- [Your instructions]:
All pictures are to be dropped, and the remaining data set down exactly.

- [Material provided]:

== Segment start ==

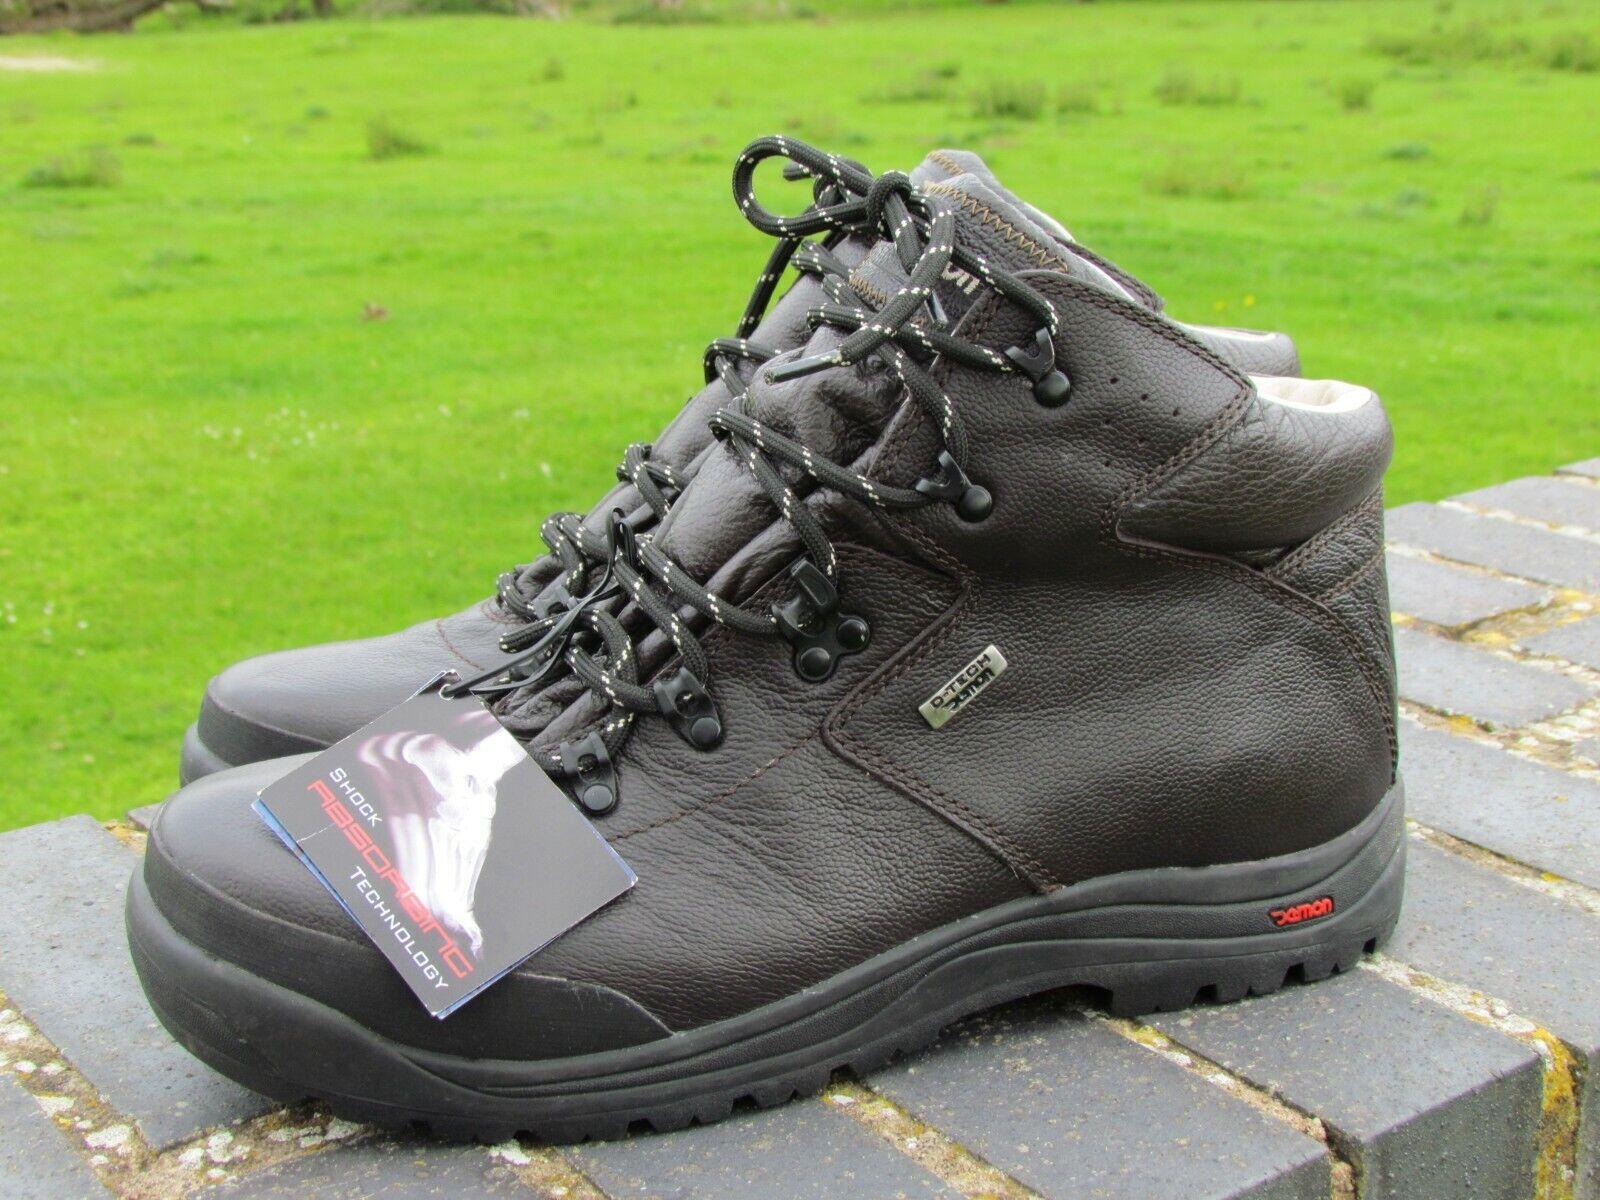 Men's DEMON amortiguador tecnología de caminar o de seguimiento de la bota de cuero
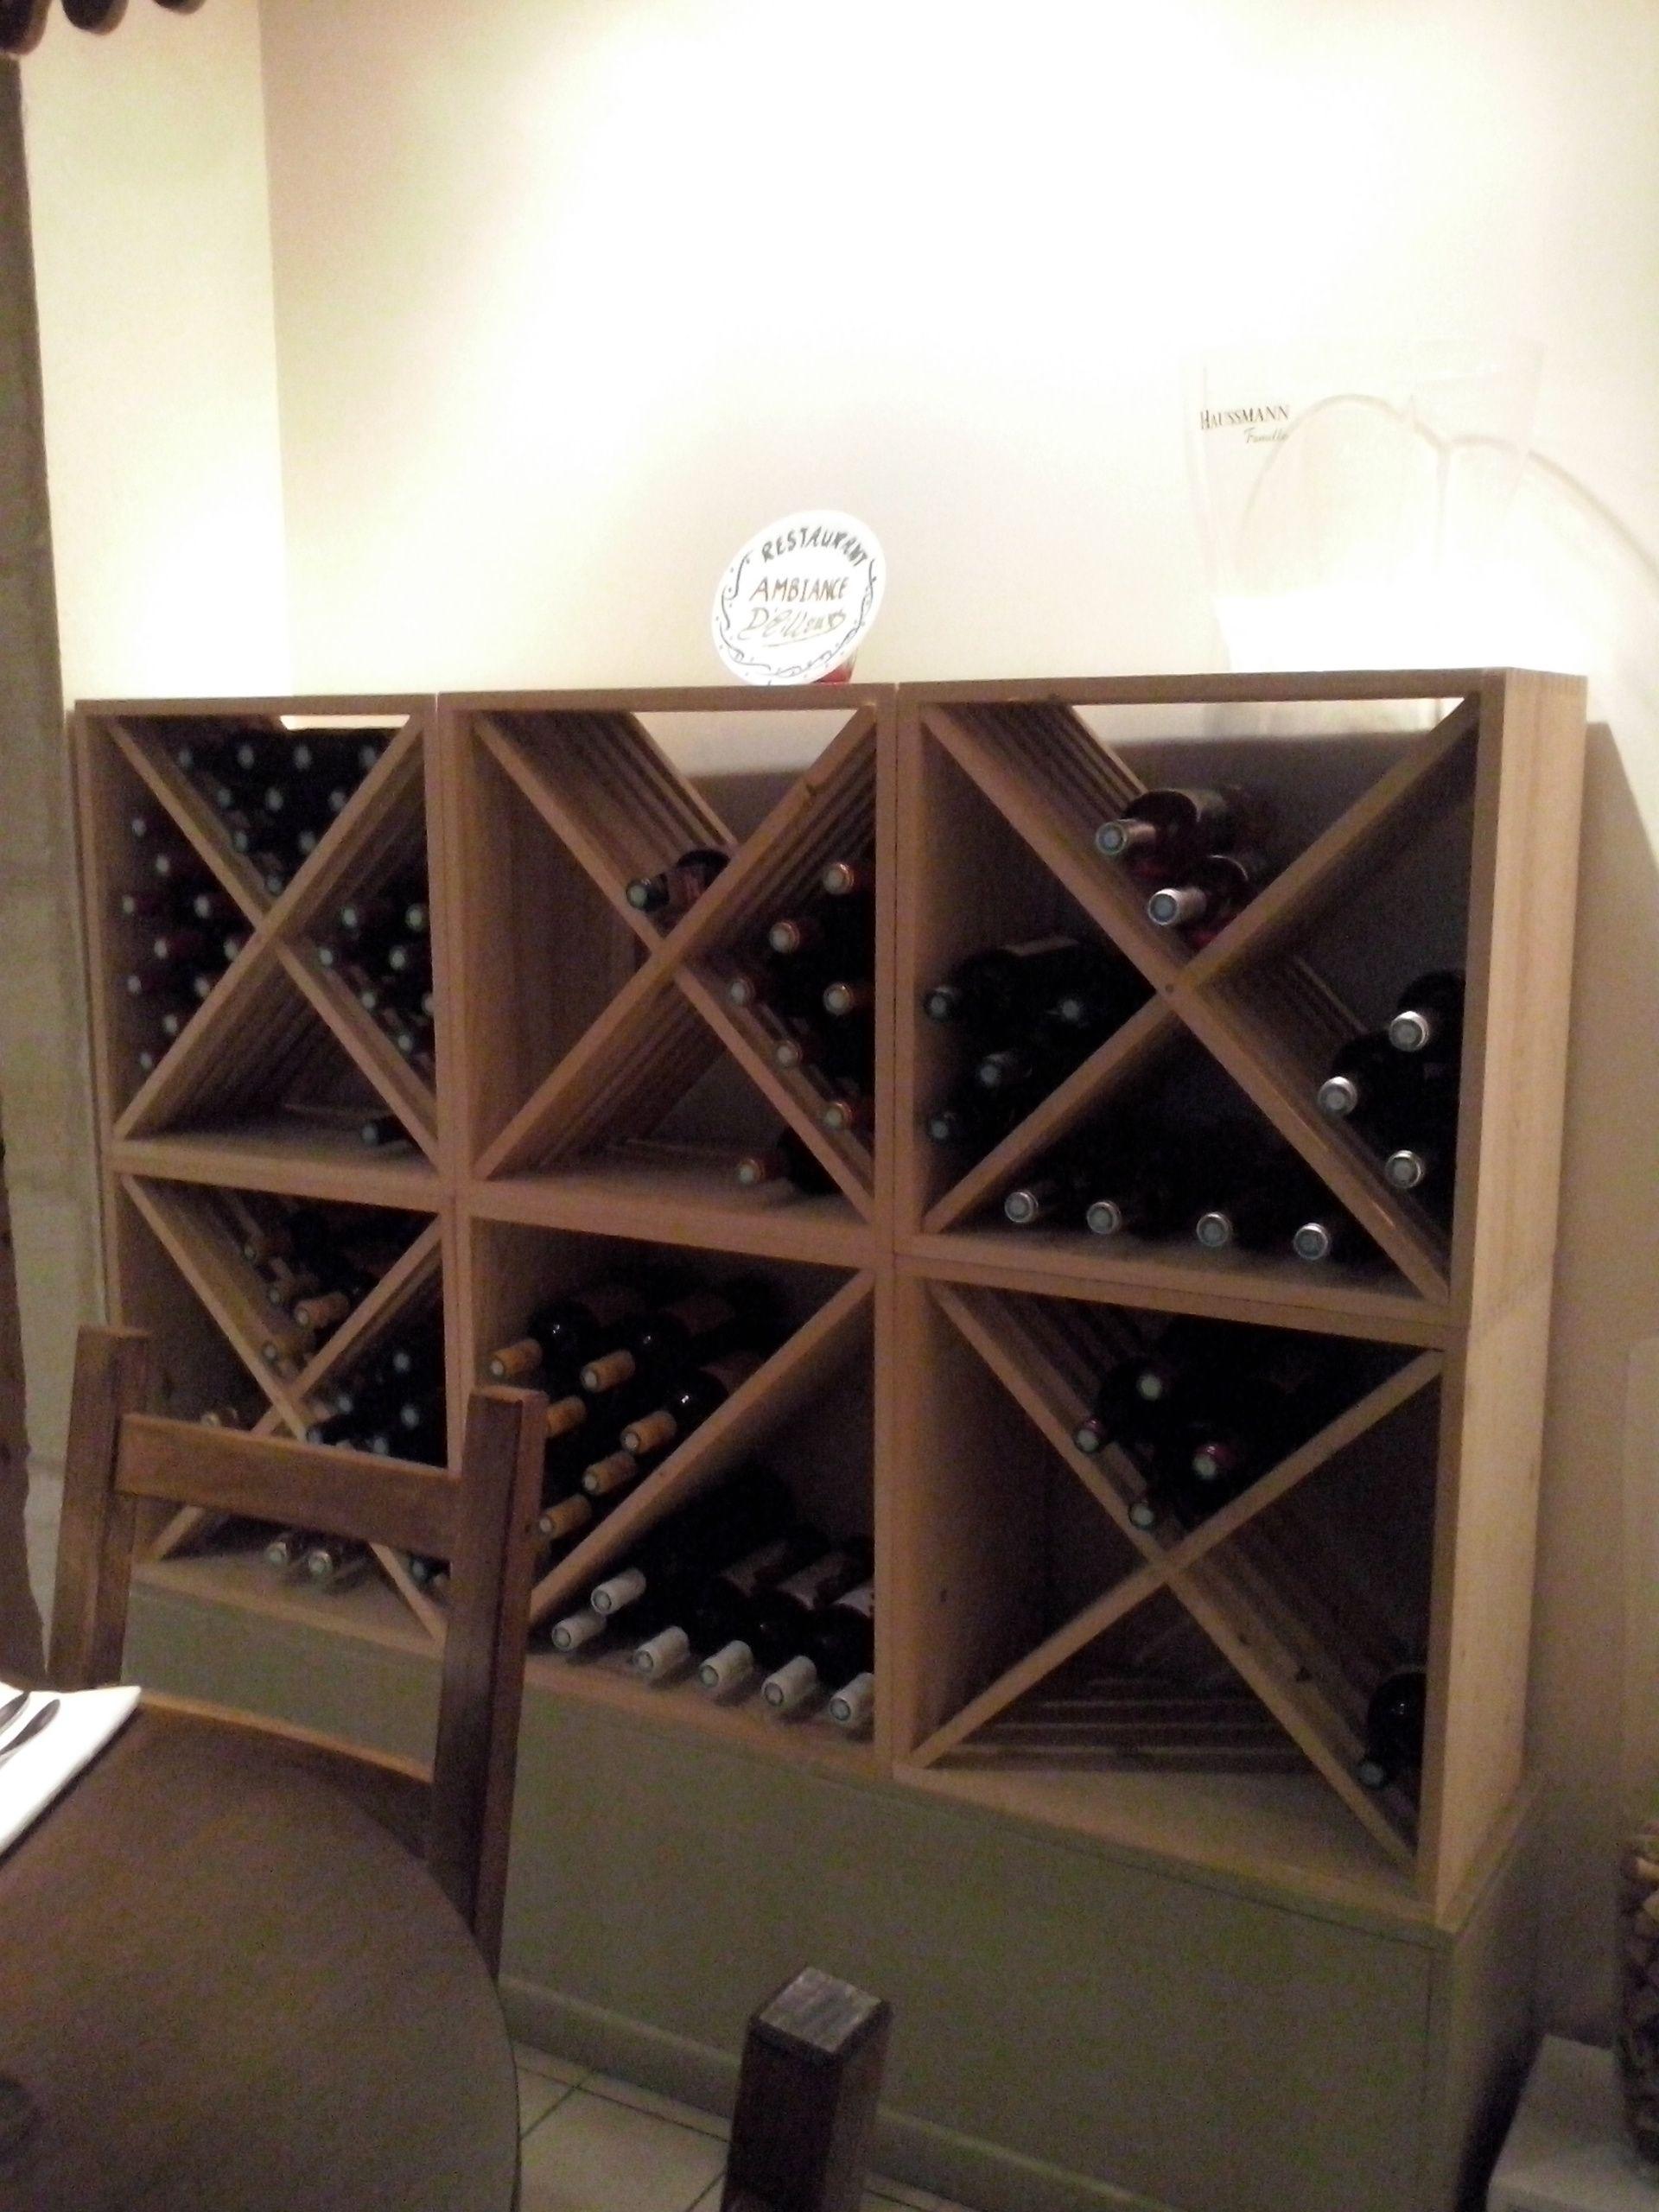 Casier bouteilles, casier vin, rangement du vin, aménagement cave ...
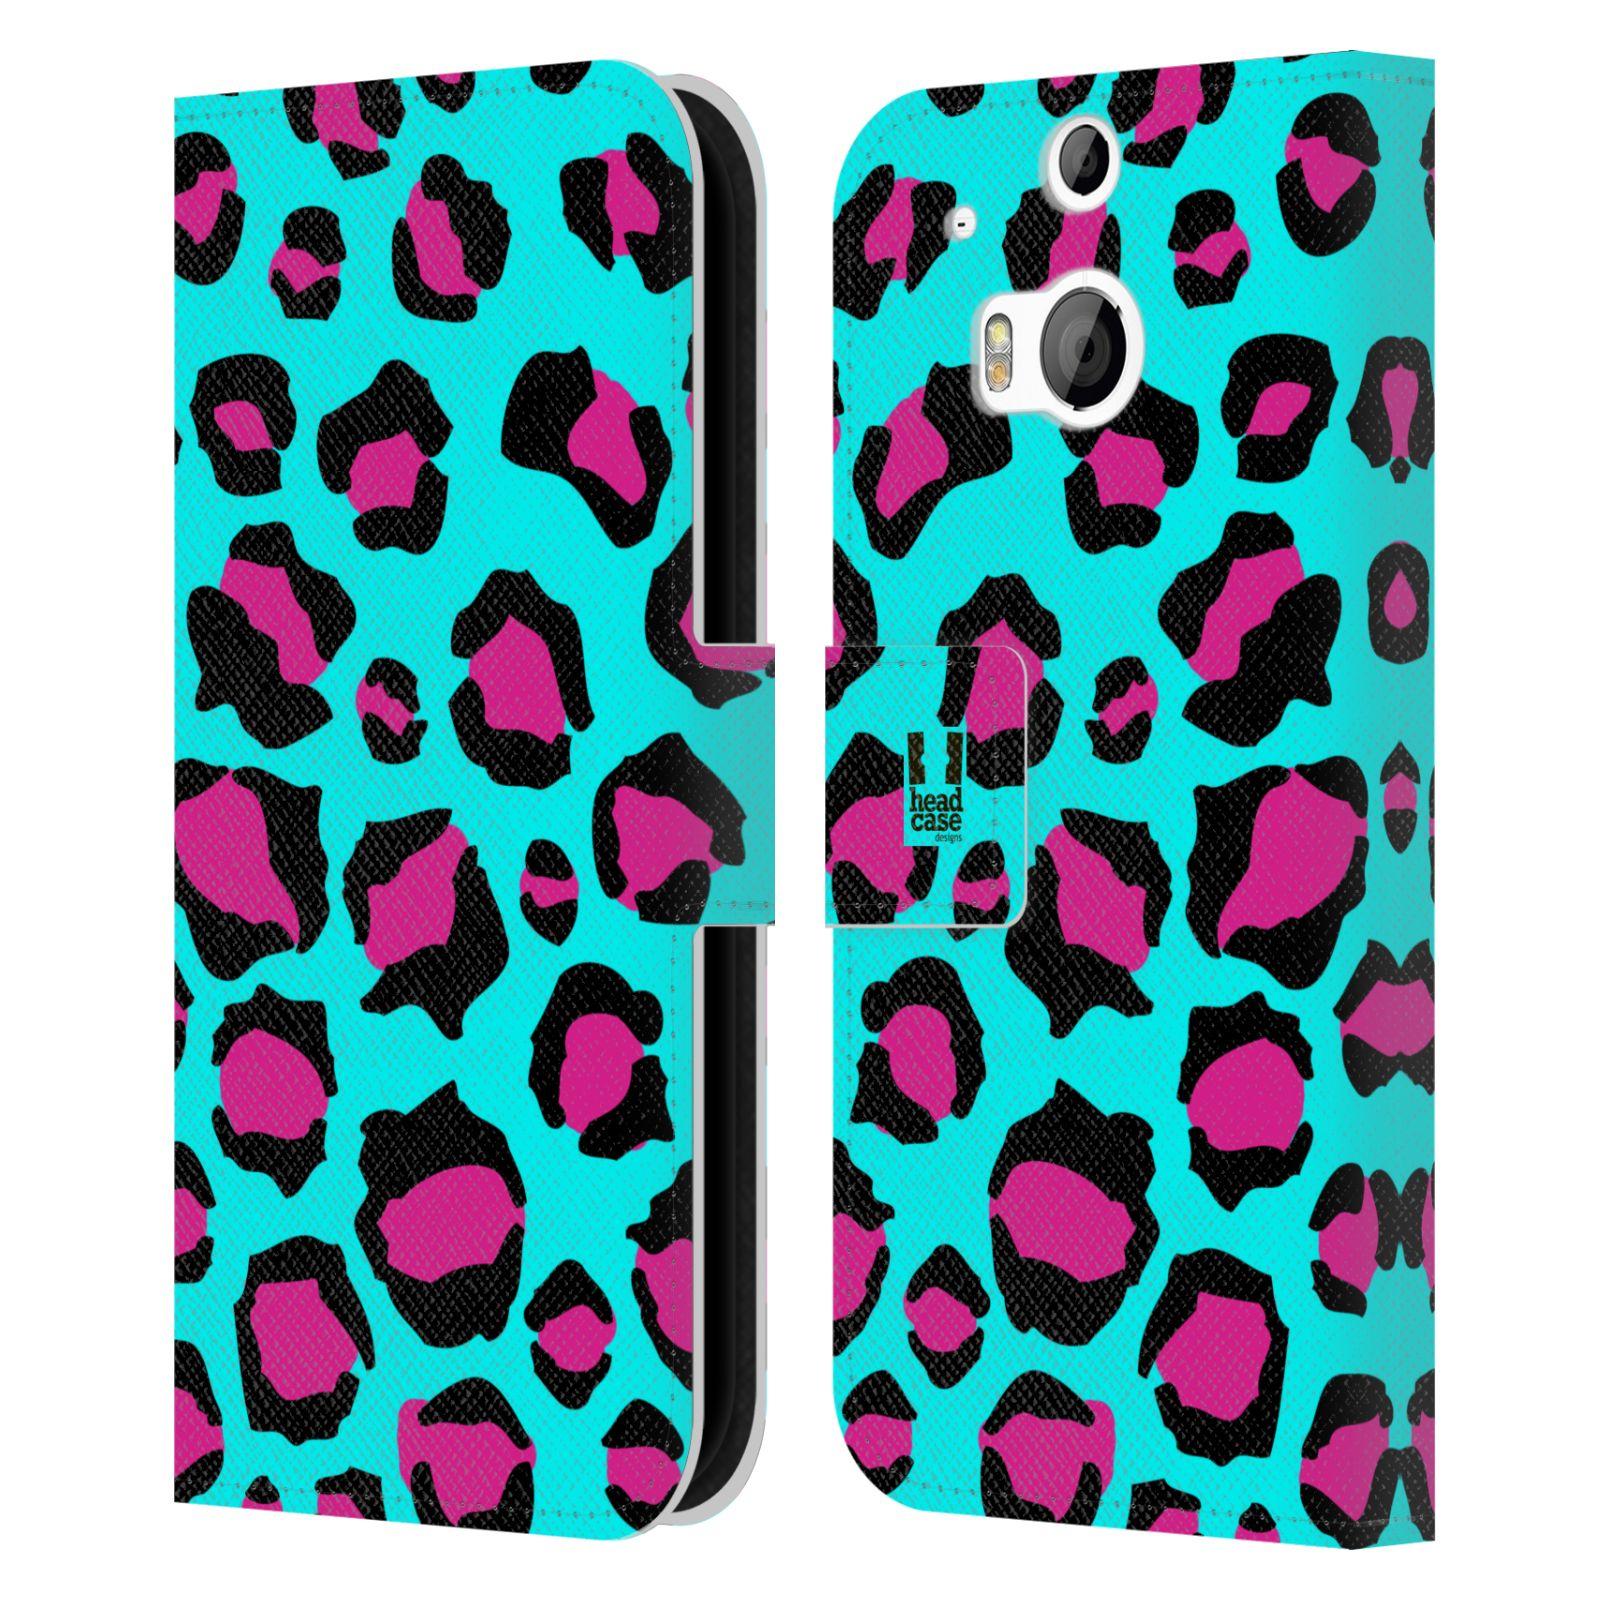 HEAD CASE Flipové pouzdro pro mobil HTC ONE (M8, M8s) Zvířecí barevné vzory tyrkysový leopard

== Segment end ==

- [Answer to the problem]:
 Men's DEMON amortiguador tecnología de caminar o de seguimiento de la bota de cuero
 Casier bouteilles, casier vin, rangement du vin, aménagement cave ...
 HEAD CASE Flipové pouzdro pro mobil HTC ONE (M8, M8s) Zvířecí barevné vzory tyrkysový leopard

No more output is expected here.